# I HATE this lion cut!!!! :(



## Cat_Valet

I have my cat shaved last weekend, I don't know what's with the lion cut, but this grooming place..... God I will NEVER go there again!


















They pretty much only shaved half of his fur, left the 2 front legs and above the way it was. Now he looks so funny.


----------



## vanillasugar

looks like they only did HALF a lion cut!


----------



## Cat_Valet

EXACTLY!! 
Never go there again :x


----------



## Nero the Sable

He is funny looking! Then again - all Persians do! :lol: I think they would have shaved the rest of his chest off if it was a true lion cut.

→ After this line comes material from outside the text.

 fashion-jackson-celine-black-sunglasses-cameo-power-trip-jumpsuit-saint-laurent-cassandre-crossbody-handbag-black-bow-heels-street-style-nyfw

But - for his body shape - I think it actually suits him more - he is so cute!


----------



## kitkat

Awwww poor baby :!: 

Soon I'll be getting Twinkie shaved again, hopefully it'll look as good as the last time.


----------



## RarePuss

yeah, i agree with others, only 1/2 a lion cut - they should have shaved front legs and did a 'heart' mane on the chest


----------



## DesnBaby

It still looks cute! :lol:


----------



## Cat_Valet

Thank you, DesnBaby I was going to take him back, and then I was thinking, maybe this is the only time he being funny looking, so I'll keep his new look


----------